▶ [Requirement] Every line of the listing must be reproduced as it stands. Leave the images behind.

▶ [Provided material]
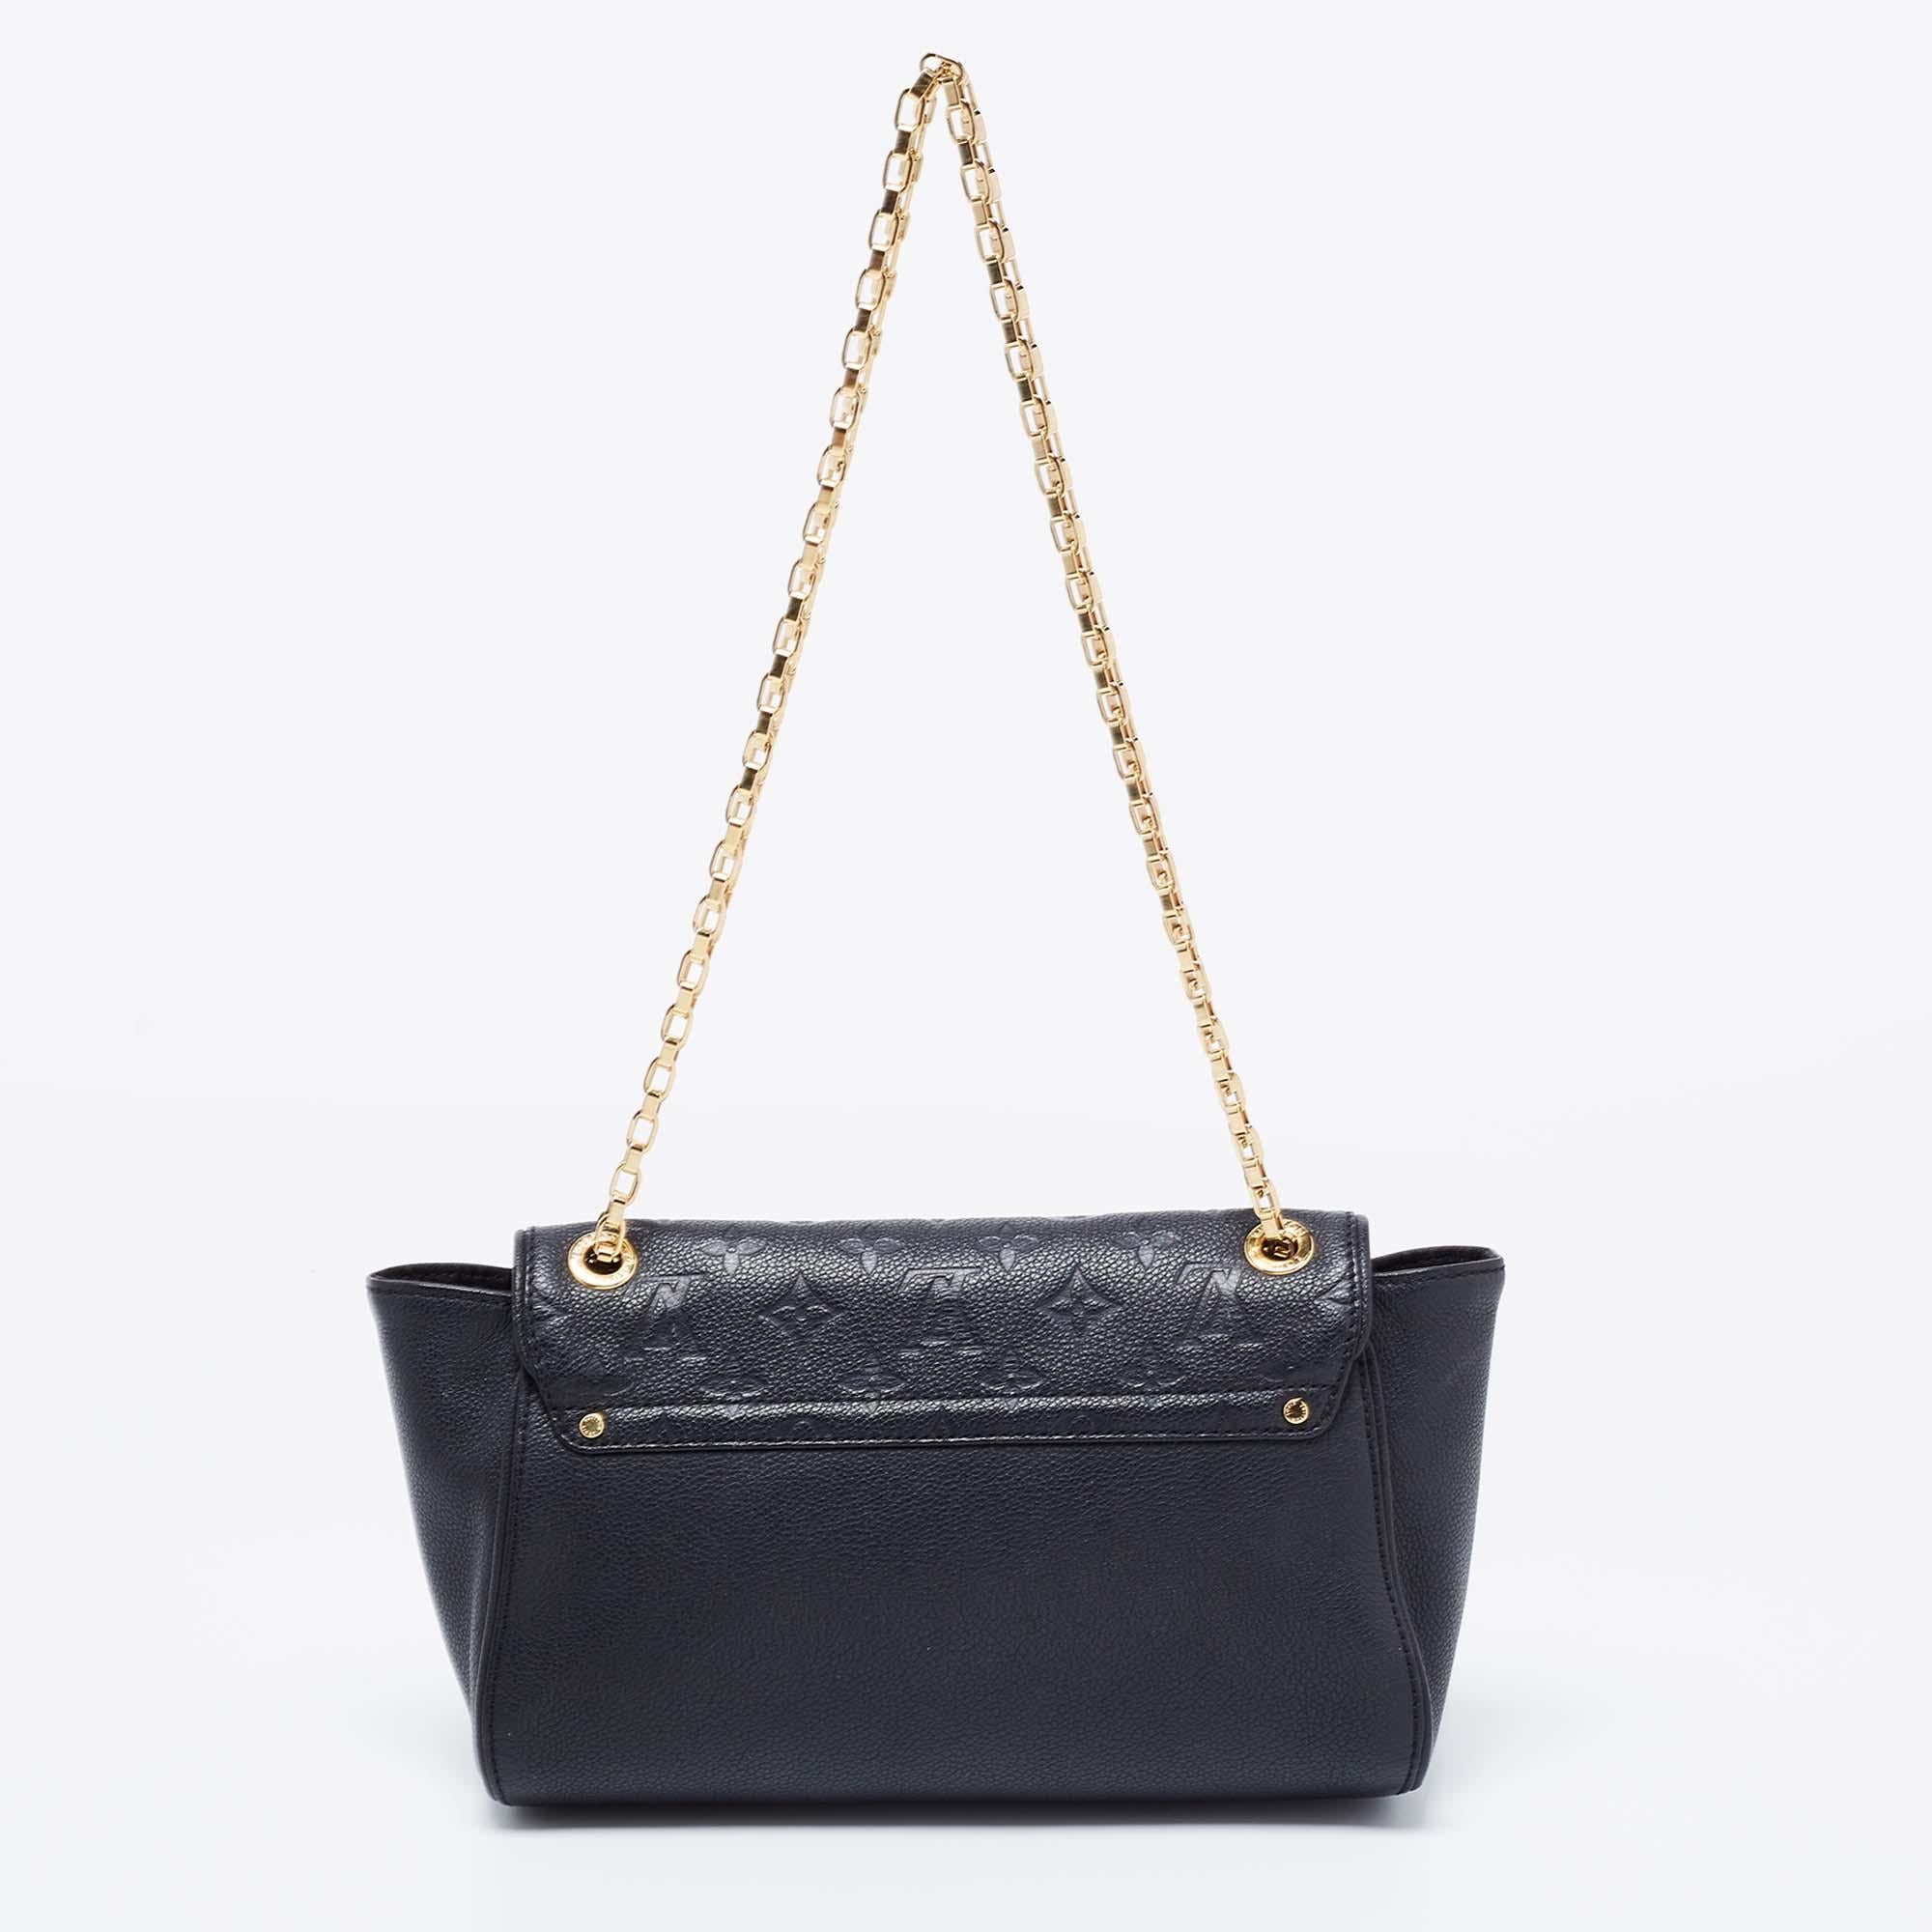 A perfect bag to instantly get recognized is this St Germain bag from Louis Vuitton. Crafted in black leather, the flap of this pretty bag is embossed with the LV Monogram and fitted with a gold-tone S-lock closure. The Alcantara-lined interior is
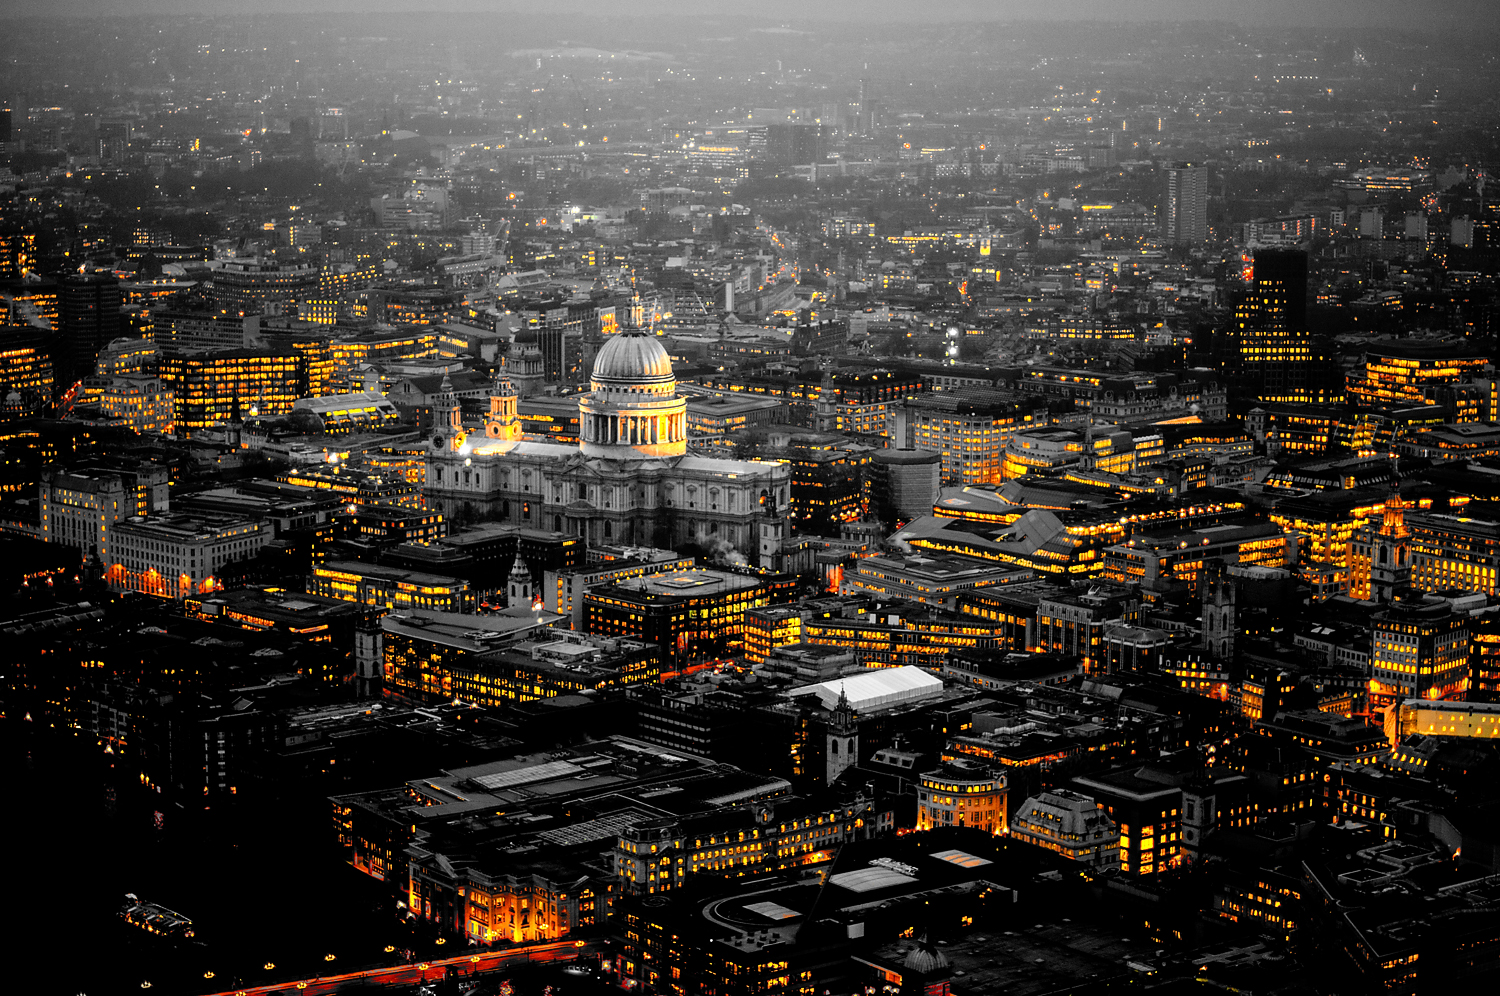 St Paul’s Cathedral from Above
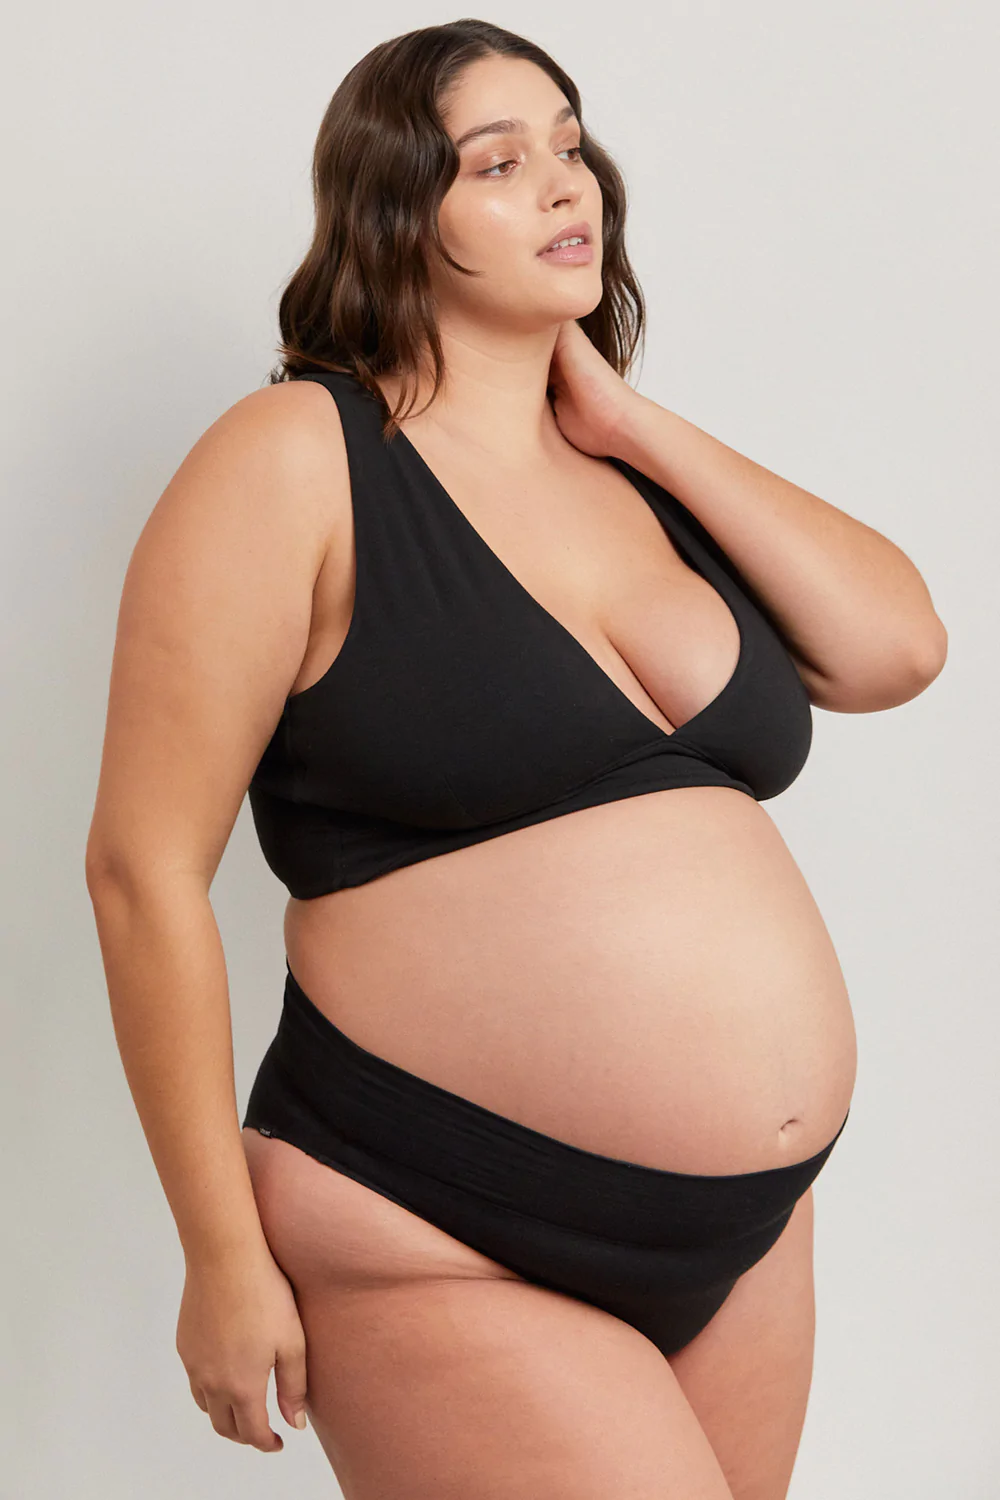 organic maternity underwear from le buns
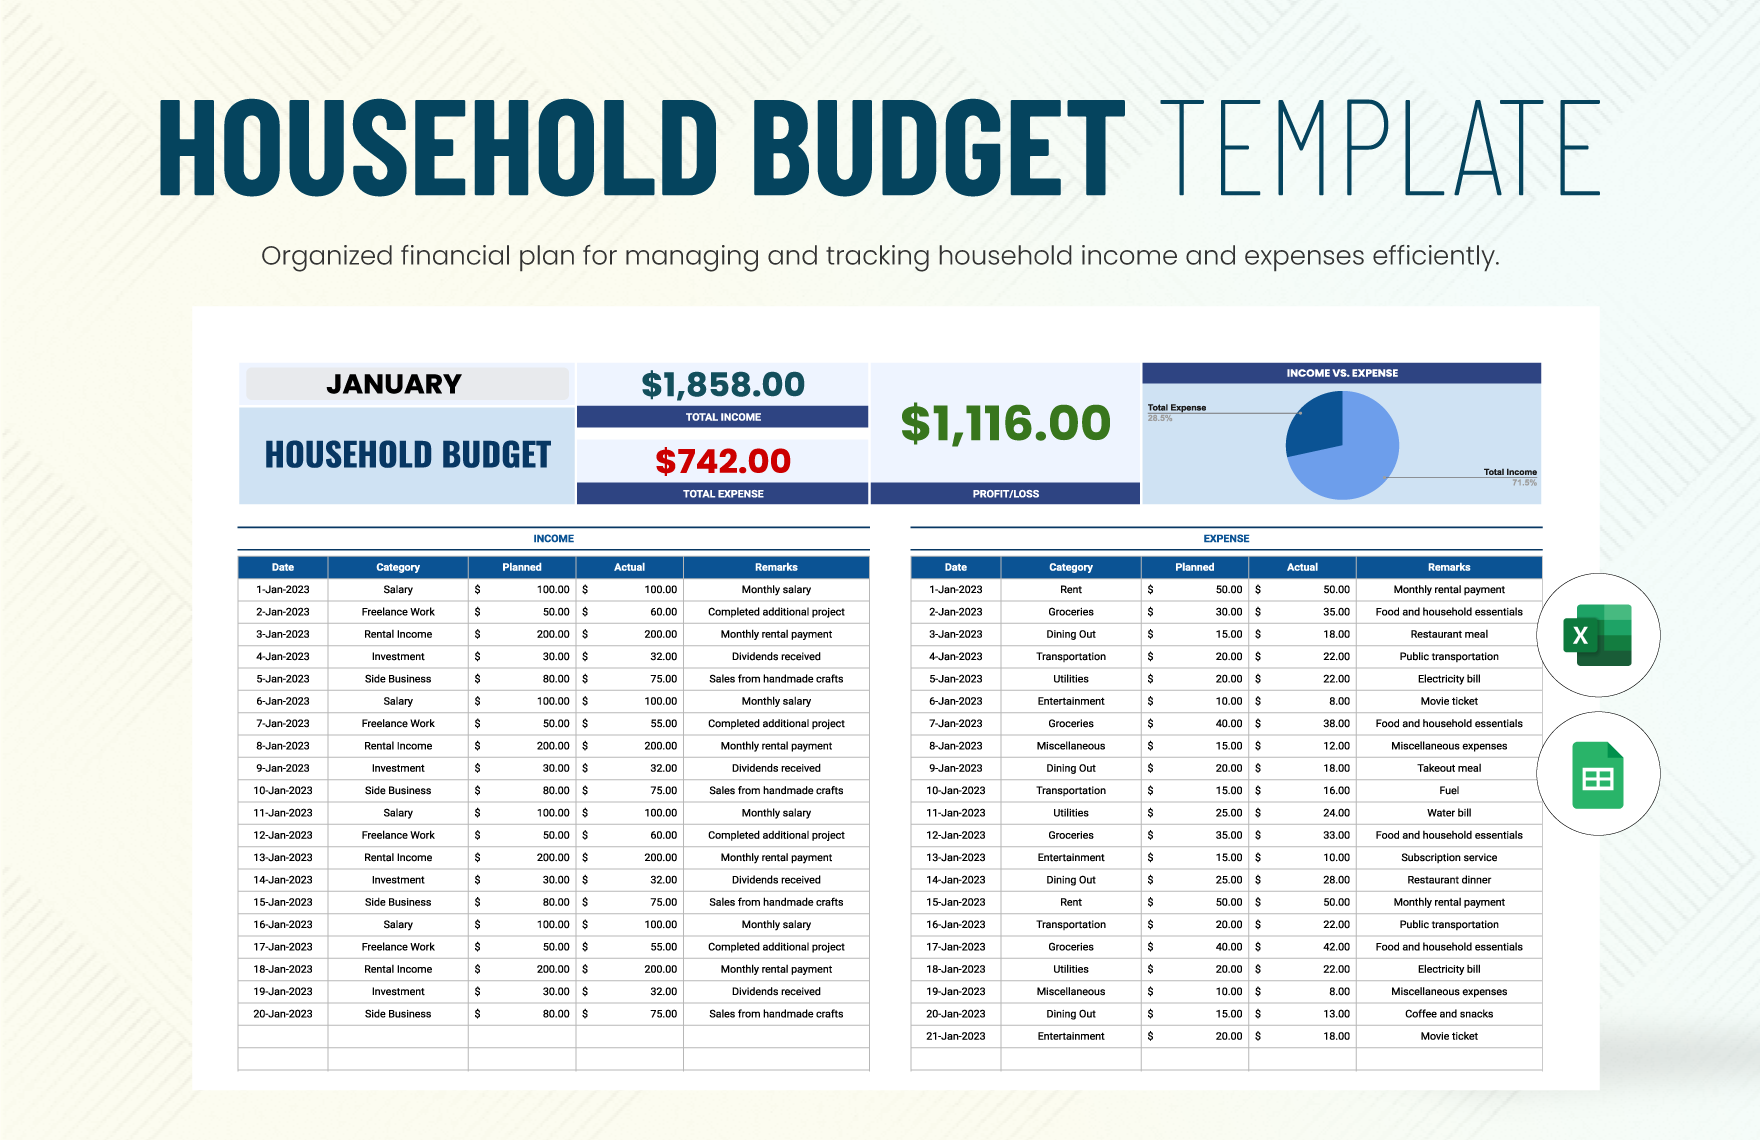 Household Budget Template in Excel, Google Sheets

▶ [Reply]
 A perfect bag to instantly get recognized is this St Germain bag from Louis Vuitton. Crafted in black leather, the flap of this pretty bag is embossed with the LV Monogram and fitted with a gold-tone S-lock closure. The Alcantara-lined interior is
 St Paul’s Cathedral from Above
 organic maternity underwear from le buns
 Household Budget Template in Excel, Google Sheets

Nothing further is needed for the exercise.